For starters, Halt & Catch Fire isn't about computers just as The Walking Dead isn't really about zombies at heart. While the latter begs the question of what would happen to society if the technology-driven world were to end, the former is all about creation, progress and how technology dramatically changed the way society functions. It is a show set in the early 1980's when the internet, multiplayer online gaming and even the idea of social media had a little more than a decade to find itself in just about every household in the United States. There are indeed many winks and inside jokes that foreshadow many of the social customs influenced by technology today. Halt reveals to us how these ideas were rooted long before many of us were even born, much less sat in front of a computer.

This connection between the past and present allows the show to comment on contemporary issues from long ago. In one episode from the second season, a character goes on a blind date arranged through a chat room only to discover their suitor is not at all what they had imagined. This would have been relevant ten years ago when we were chatting with strangers on AOL Instant Messenger, and it's relevant in today's dating world driven by mobile apps. Almost every episode features an inside joke or "What if..." diatribe from a character in which the punchline is a culture-moving monolith, from Nintendo to the concept of the internet itself.

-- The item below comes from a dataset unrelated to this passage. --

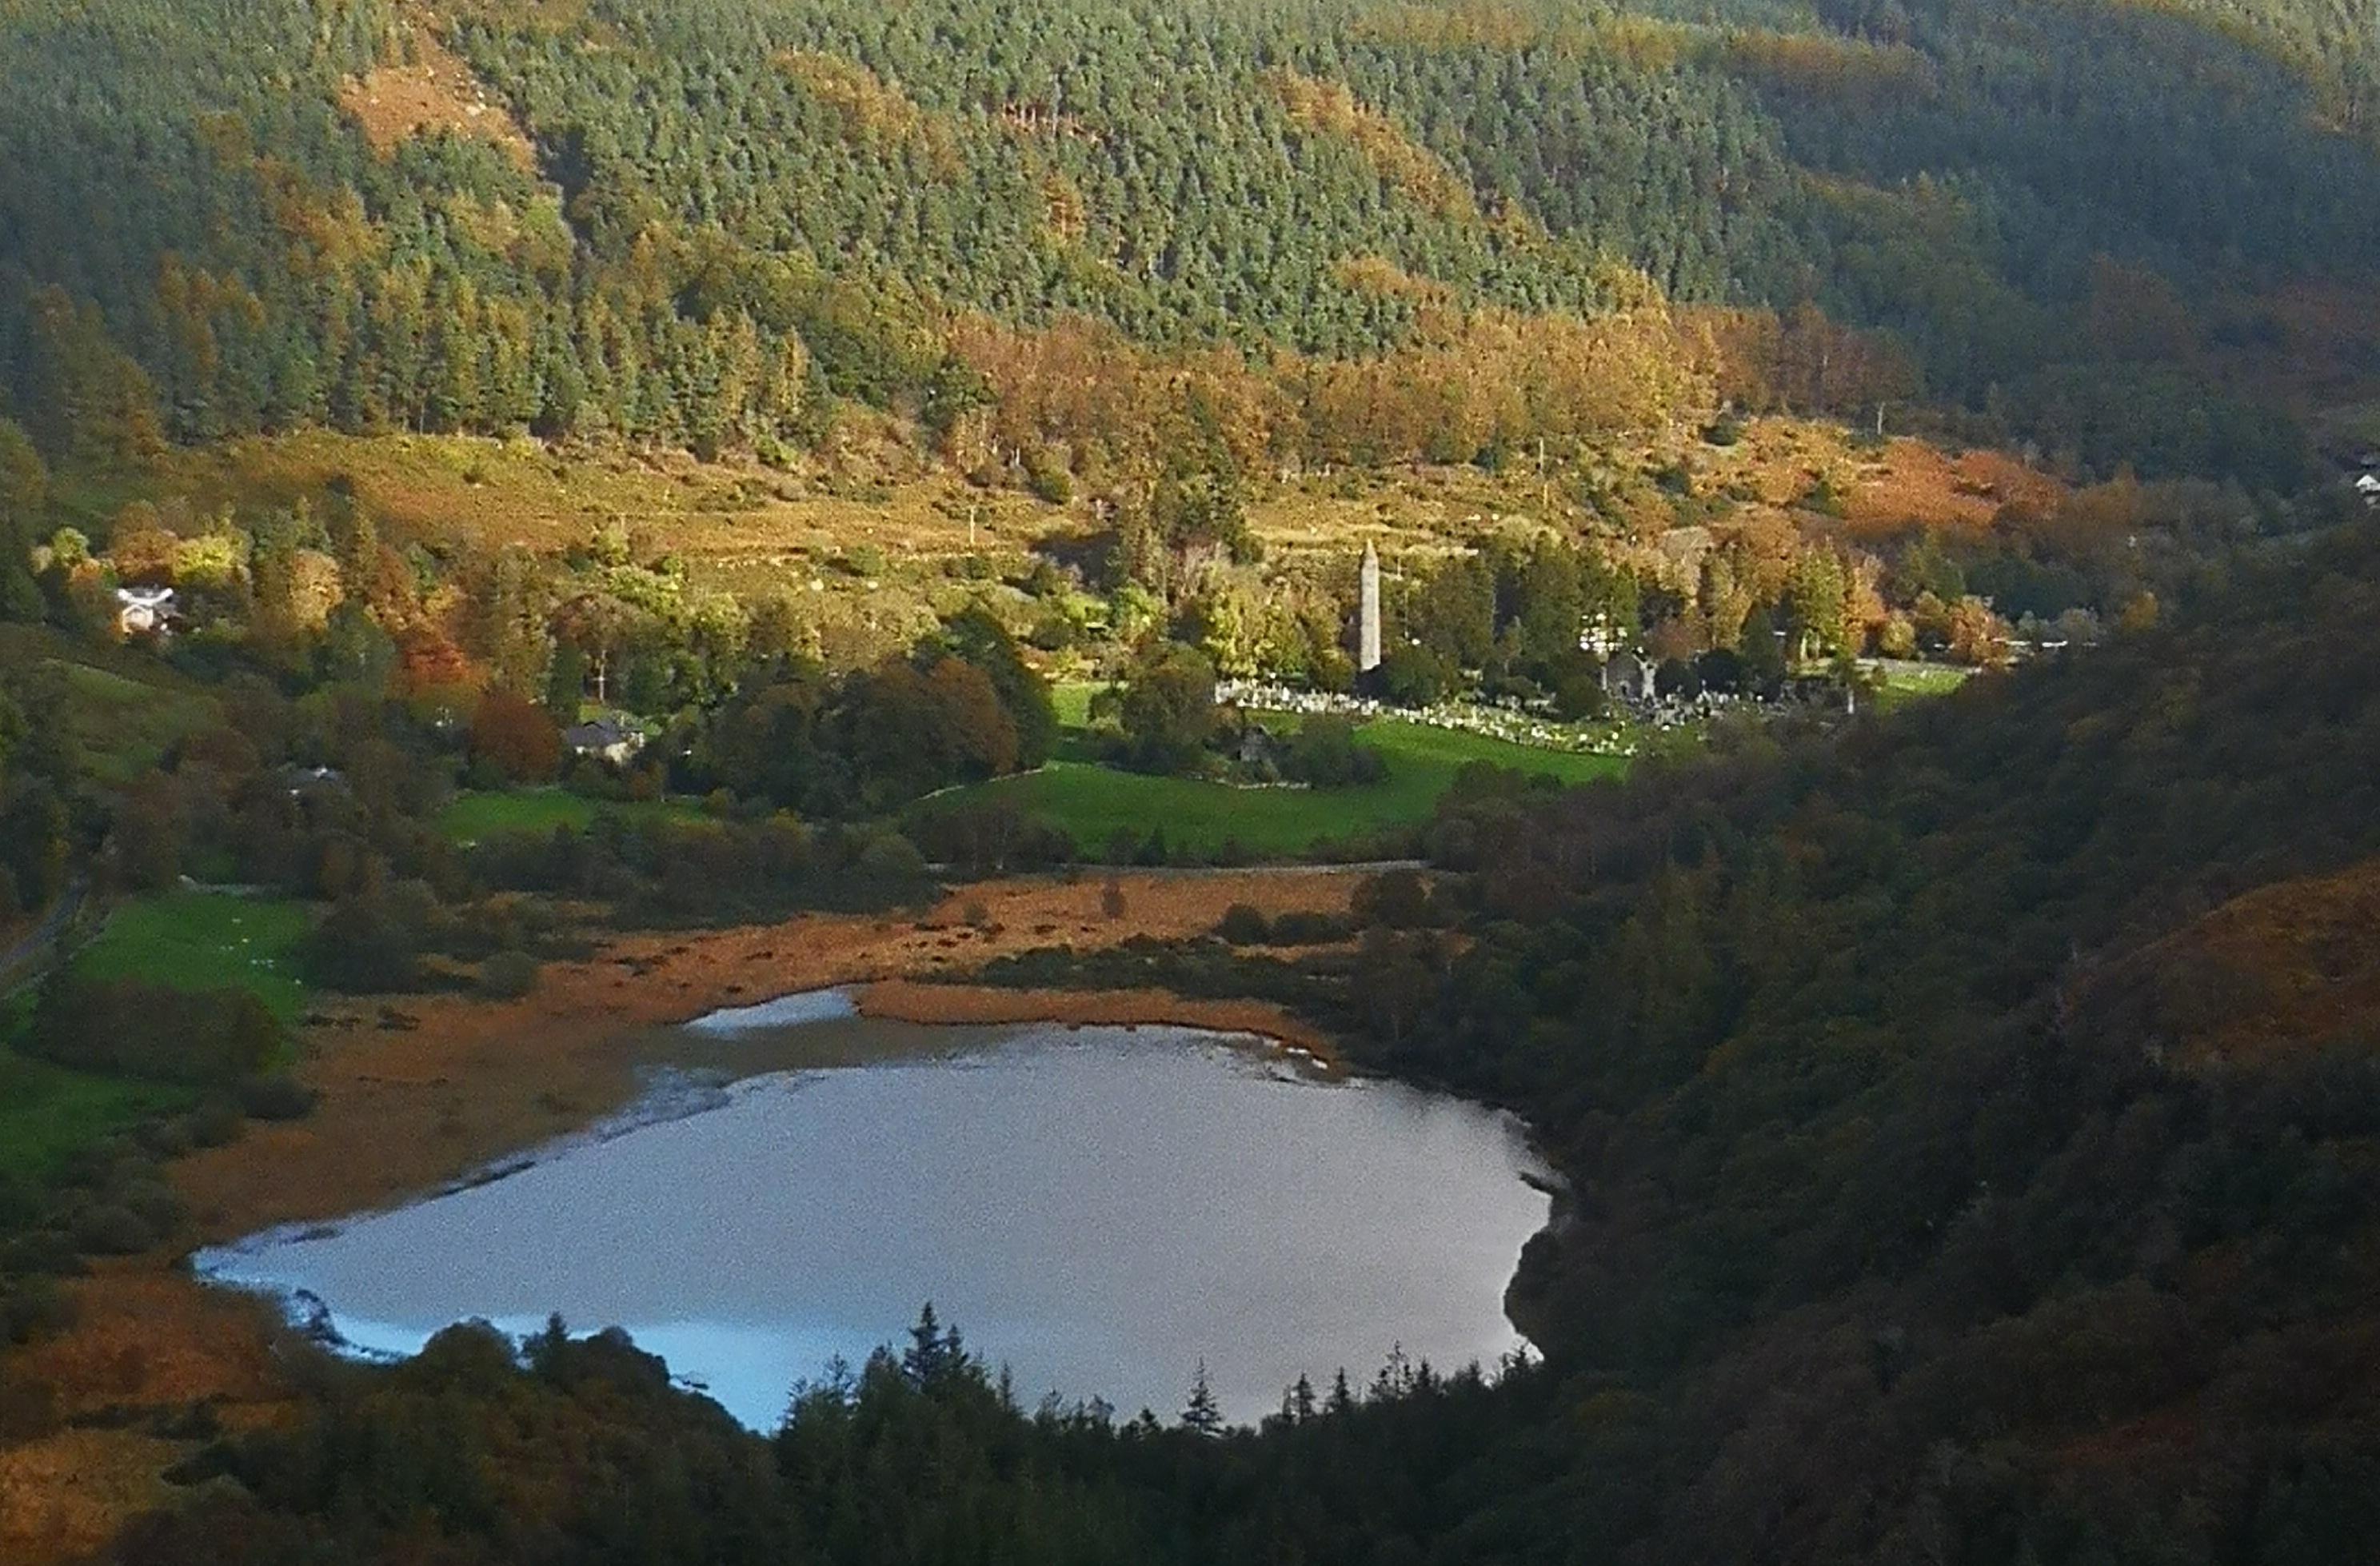 Camino, Coastal Tours Waterford, Guided, Guided Tours, Ireland, Mountains Waterford, Tours, Waterford, Waterford Camino, Journeying, Pilgrim, Walk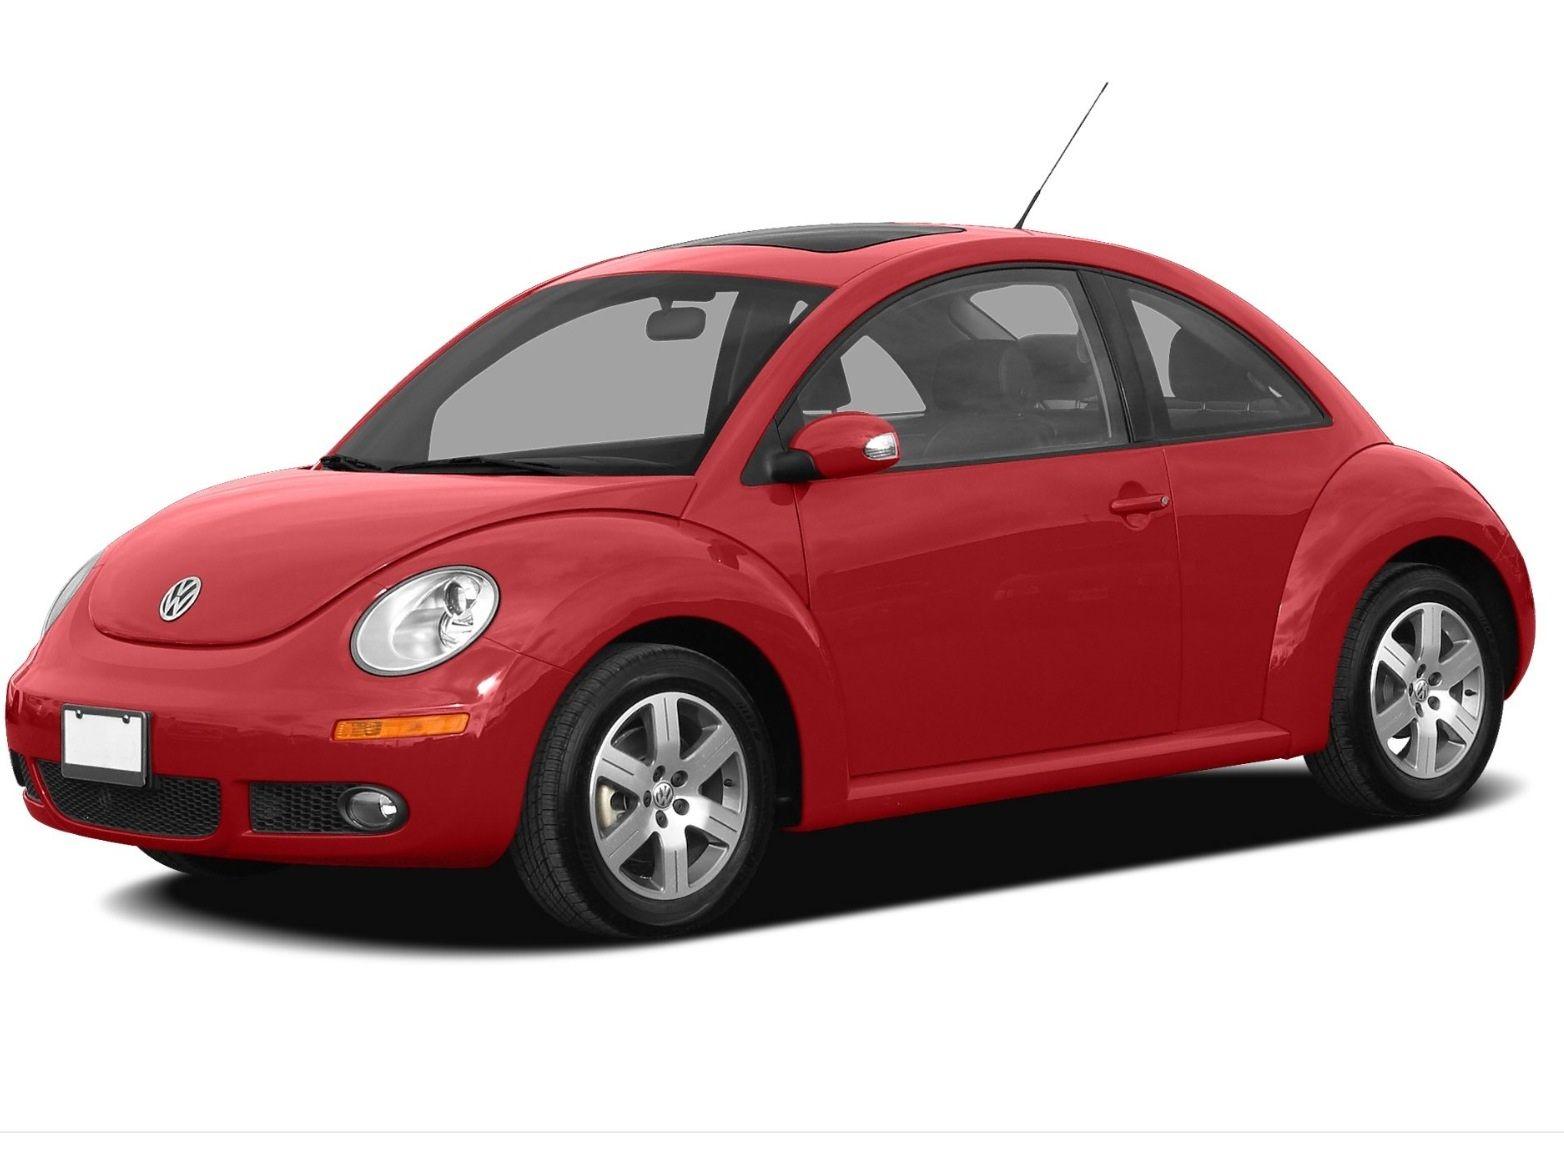 Vw Beetle Parts, Vw Beetle Convertible, Volkswagen Models, Volkswagen New  Beetle, Volkswagen

What really drives Halt is its four uniquely compelling protagonists. I first became interested in the show after Mackenzie Davis' brief but charmingly nerdy cameo as a NASA communications specialist in 2015's The Martian. On Halt, she plays something of an expanded version of that role as the rebellious but vulnerable programming prodigy Cameron Howe. While some have critiqued her character as cliche, I think seeing a woman play the role of a young, restless and somewhat troubled innovator is something of which we need to see more in film and TV. Similarly, the show's other female protagonist played by Kerry Bishe is equal parts Nuclear Mom and engineering genius. These characters do not function as the "women" characters on the show, they are at the forefront and by the second season, the stories center around their ambitions just as much as the men. There's nothing cliche in all of that.

It is hardly a show that specifically makes feminism its intentional focus, which is part of why I appreciate it. Halt doesn't feature stories about the struggles of women with the intent to combat sexism, it merely does so within its reach as a TV show by giving the women equal if not more driving roles than the men. The males are just as well-developed and interesting to watch onscreen. Lee Pace plays the bi-sexual, smoke and mirrors wielding PR visionary Joe MacMillan who incites both disdain and empathy from the viewer with his cold but impulsive antics. Scoot McNairy's broken engineering genius Gordon Clark is his best foil as everything Joe is not; insecure and somewhat short-sighted yet pragmatic. These characters all function as incendiary matches and fuses to each other; who knew that the creation of computers involved so much sex, vandalism and shady business transactions?

The second season increases plot accessibility and entertainment factor by shifting the focus to its female leads and placed them at the forefront of online gaming. The most interesting and inspired development of the show is Cameron founding her own game developing company Mutiny, which places more archetypal and mostly male portrayals of programming misfits in a workplace somewhere between a college frat house and a comic book store. This youthful and irreverent bunch clashes with the big business world of oil companies and provides a David and Goliath type drama which correlates with today's world in which corporate distrust has reached an all time high and tech entrepreneurs are emerging from their garages every day.

Halt & Catch Fire lacks the audience and therefore the self consciously desperate need to tow the dramatic line as seen in The Walking Dead. The strength and compatibility (or lack thereof) of the characters makes them interesting to watch, even if they're merely hovering over a monitor or sitting in a conference room.  There's no real gun battles in the show, but it's interesting to see how a friendly NERF fight in Mutiny may have led to the idea of a first person shooter. Though it appropriates the feel early 1980's, it's not exactly appropriate to dub the show as nostalgic. With its messages rooted in today, it's about as contemporary as any other show on TV now.

And as a huge fan of early punk rock, it's a love letter to someone like myself to hear such an offbeat, sometimes surprisingly obscure soundtrack provided by a cute nerd like Cameron.